Permanent Building Commission Chairman Joe Sangiovanni summed up the situation something like this at the Commission’s June 2 meeting: We responded to the known contamination in the window caulking and nearby surfaces by removing and replacing the material. Then we tested the air in the building and found PCB content exceeding the EPA’s stringent limits. Now we’re planning how to respond.

Mr. May’s detailed observations and recommendations were contained in a four-page letter which was distributed and discussed at that meeting. Sangiovanni said he hoped a plan could be established at the next meeting (on June 16). It seems there’s no silver bullet.

At the June 16 meeting, Mr. May spoke about the pilot testing he had proposed and what it would accomplish in diagnosing the problem.  He warned that the required remediation costs could not be estimated now, and it was possible that the pilot tests would be inconclusive.

The Commission voted to proceed with the proposed tests, at a cost of about $44,000.  The tests will entail sealing off four selected local regions of the library with plastic sheeting and then measuring the PCB levels on surfaces and in the air.  Other contractors would perform the tests, under Mr.
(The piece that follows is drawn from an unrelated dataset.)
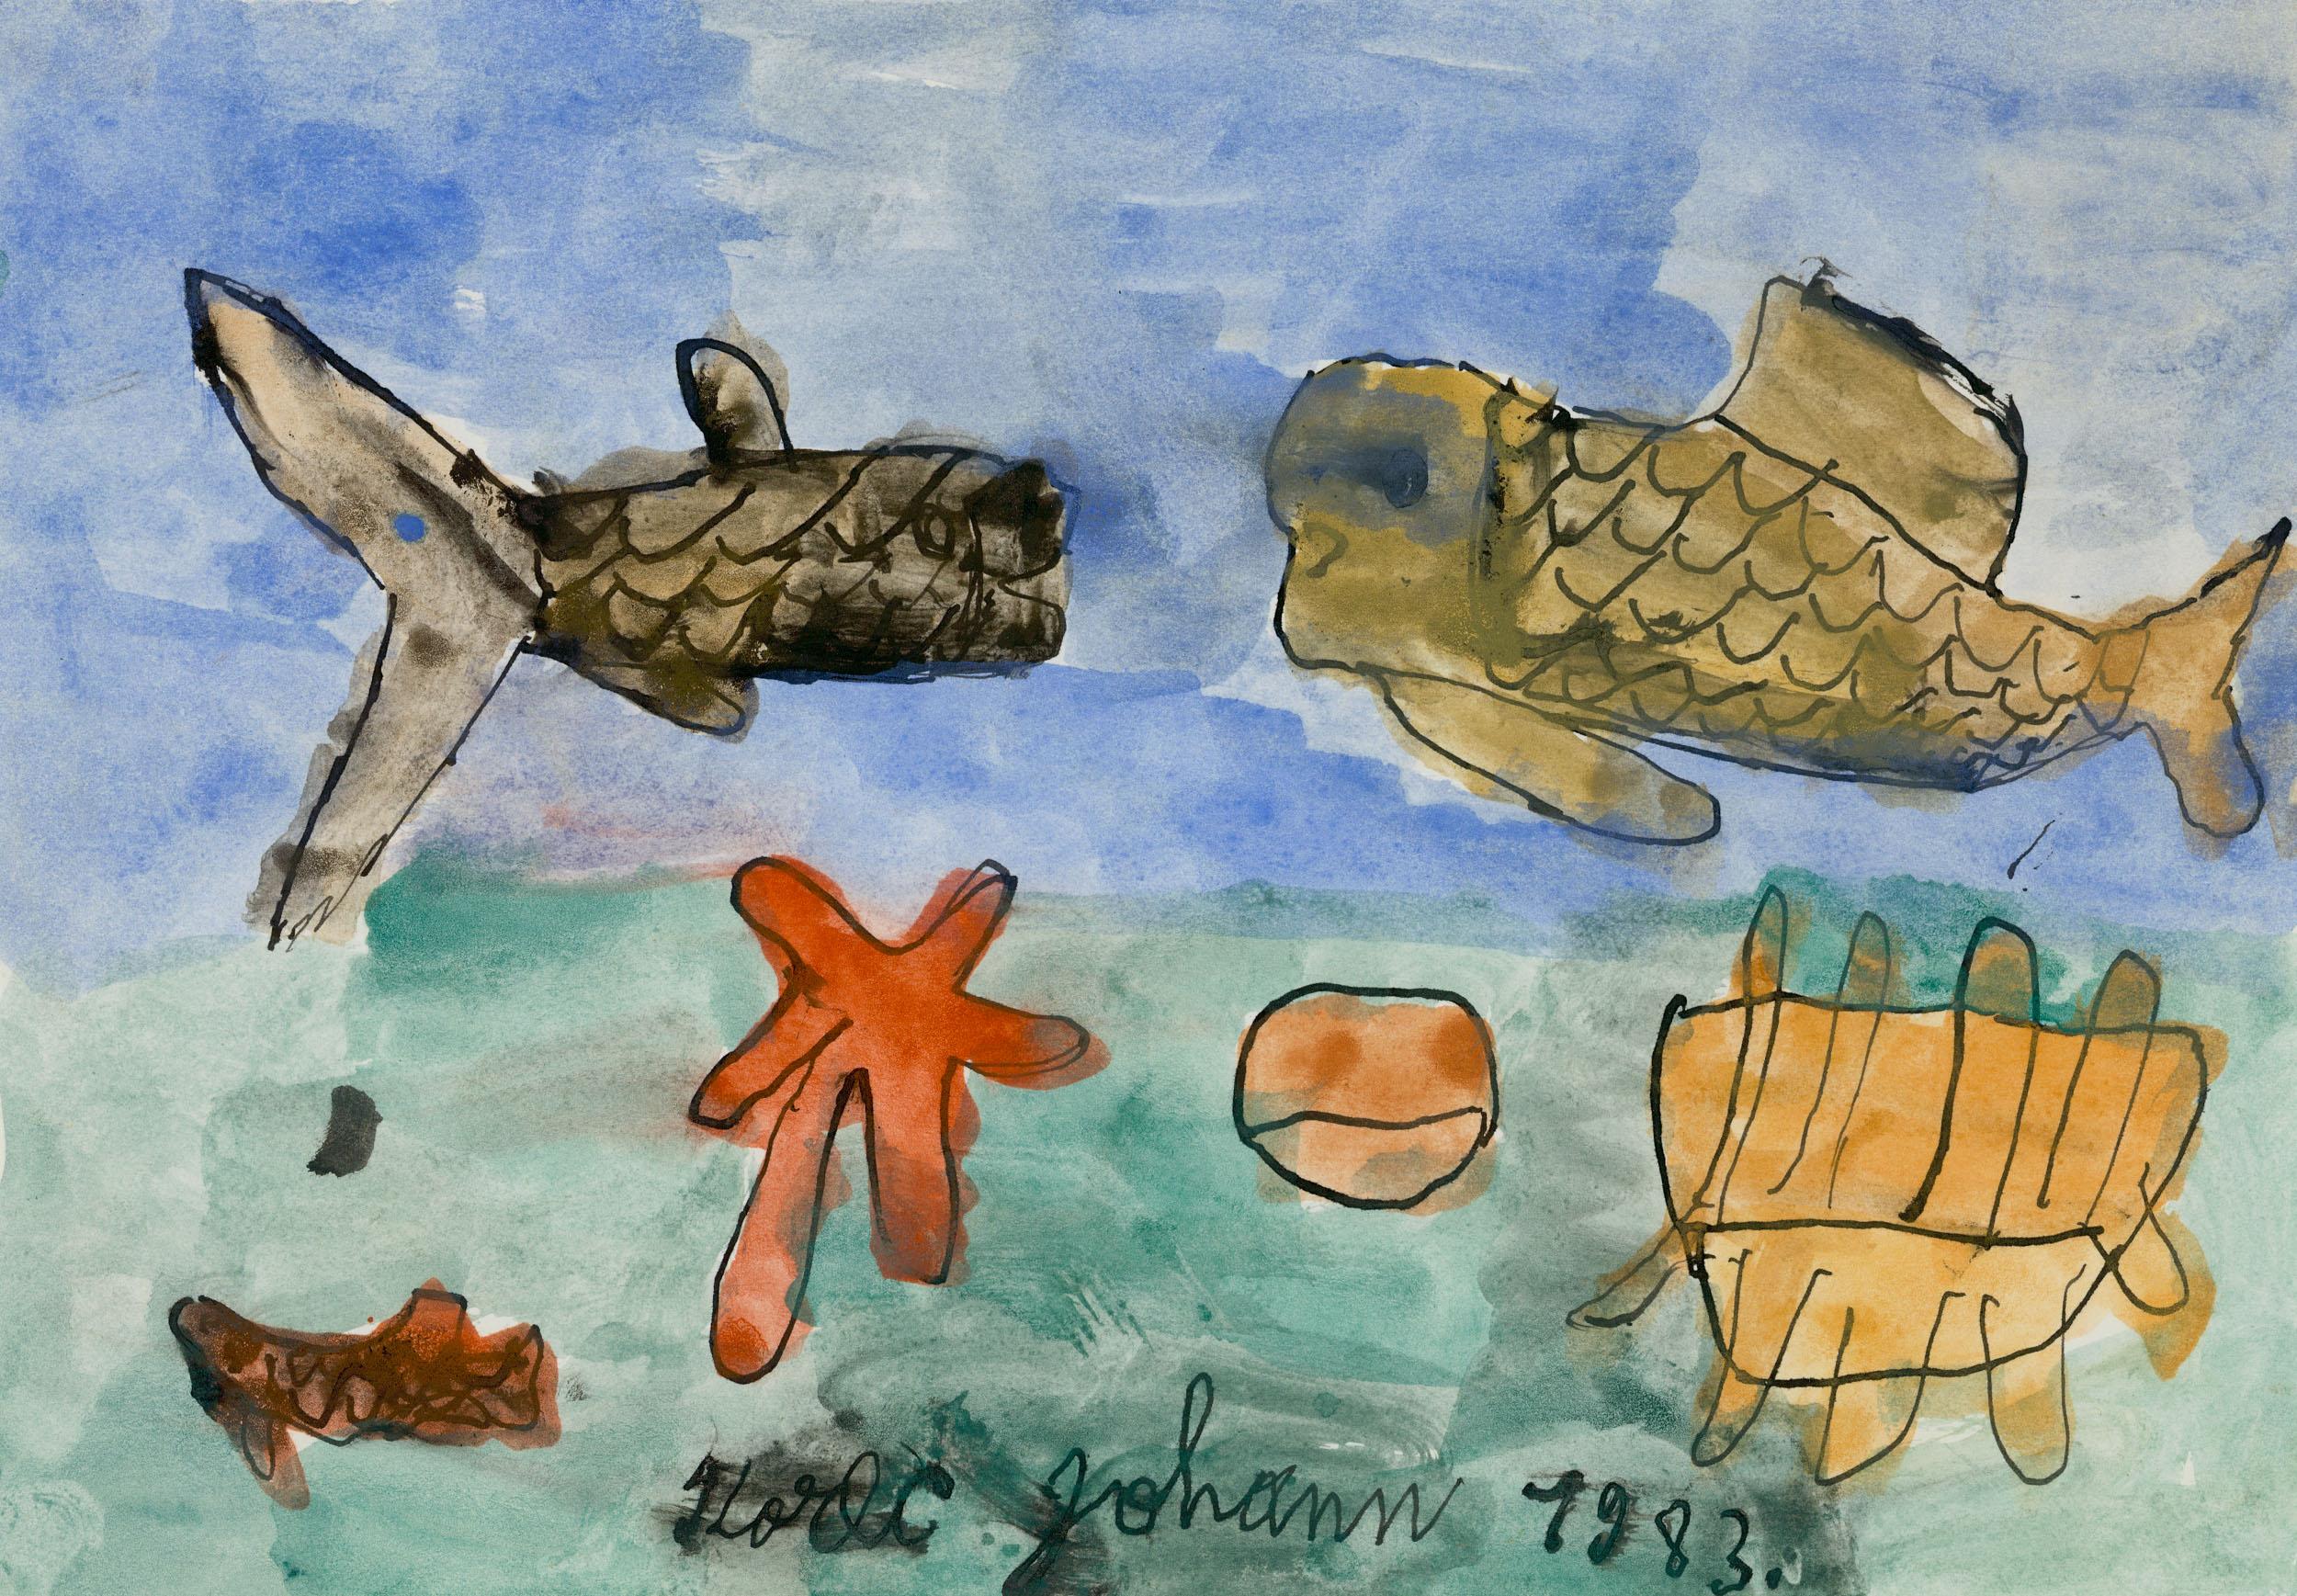 korec johann - Fische / Fish

May’s cognizance.

Testing would be done with normal ventilation, and only after the HVAC balance had been assured.  Air balance tests have been delayed by slow progress on the new air diffusers and difficulty in obtaining certain needed air filters.

In the Public Works Department, Julie Oakes, Town Facilities Manager, has been obtaining rough  quotations or cost estimates for various courses of action, mostly involving clean-up and encapsulation (the two-dollar word for painting or sealing off contamination that can’t readily be removed).

First Selectman Melissa Mack, at the June 16 meeting, commented on the daunting cost estimates with what appears to be the understatement of the month. She said, “This is an issue!”  She spoke of the possibility of help from certain state grants the Town is seeking.

The status of the required auditorium egress corrections that have been identified is not the Commission’s first priority now.